By Bill Black, an Associate Professor of Economics and Law at the University of Missouri-Kansas City. He is a white-collar criminologist, a former senior financial regulator, and the author of The Best Way to Rob a Bank is to Own One. Cross posted from New Economic Perspectives
Roger Lowenstein has just taken the brave step of praising the failure to prosecute elite financial managers for fraud as a demonstration of the greatness of America. Lowenstein declares (1) that Blankfein was right – Goldman really was doing “God’s work,” (2) virtually no financial elites committed crimes, (3) any crimes they may have committed were trivial and played no material role in causing the crisis, (4) those that wish to hold fraudulent elites accountable for their crimes are (a) financially illiterate, (b) paranoid conspiracy theorists equivalent to those claiming the U.S. attacked the twin towers on 9/11, (c) a threat to our democracy and constitutional rights, and (d) engaged in “punishing profit,” (5) the prosecutors who refuse to bring criminal charges where they find elite frauds are the heroes safeguarding our democracy and constitutional rights, (6) the FBI is conducting a “serious” investigation of the elite financial frauds (despite points one through four above), and (7) the crisis was caused by “society” – because we’re all guilty no one should be held accountable – except those paranoids who want to destroy America’s greatness by prosecuting financial CEOs on fraud charges.
Wall Street: Not Guilty (May 12, 2011)
Lowenstein’s former colleague at the New York Times, Andrew Ross Sorkin, twittered that Lowenstein was “courageous” and “probably right.”

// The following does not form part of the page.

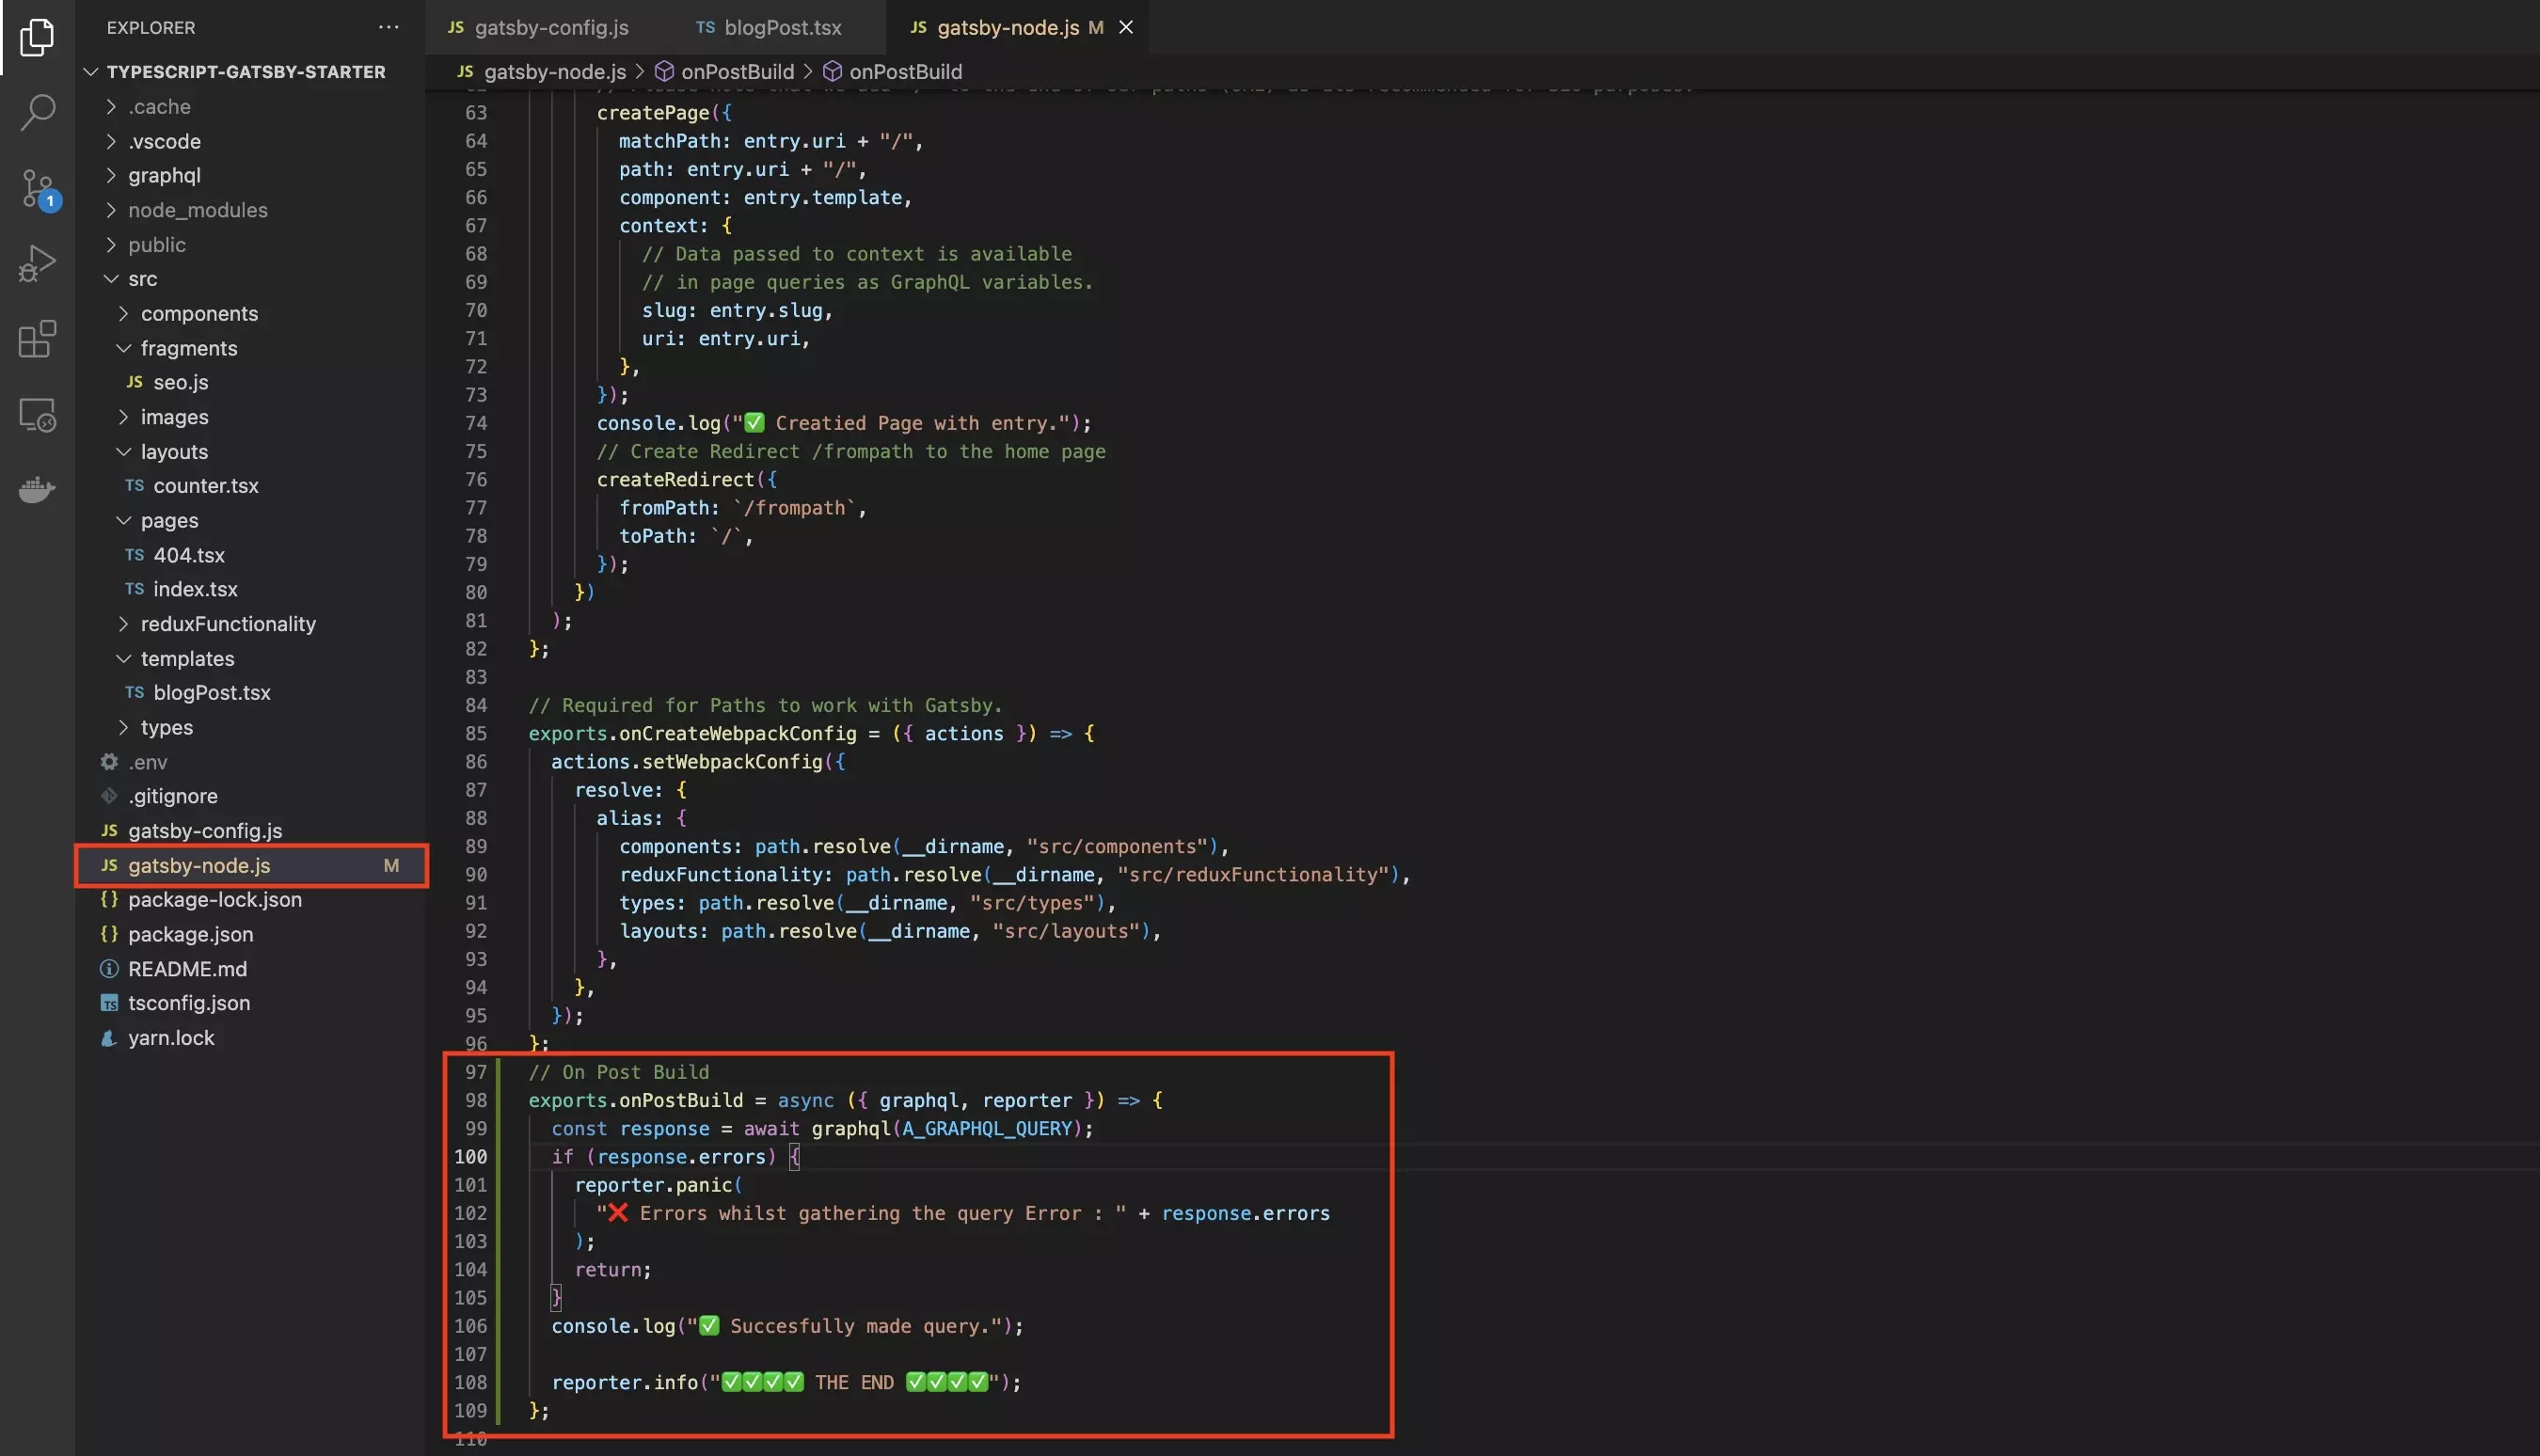 A screenshot of VSCode showing the Gatsby-node.js file selected and the script provided below at the bottom of the file.

I join Lowenstein and Sorkin in denouncing the demagogues that denounce America’s financial CEOs for fraud and corruption and those that denounce our economic system for cronyism. My research has detected the ravings of two of the worst examples of this form of parasite. Two of the nation’s leading financial commentators have filled their books and columns with demagogic attacks on the productive class. Here are some of one’s vicious assaults on America’s CEOs and capitalist system.
[Vast] pay-offs for failed executives exposed [American capitalism] as a fraud at its uppermost reaches.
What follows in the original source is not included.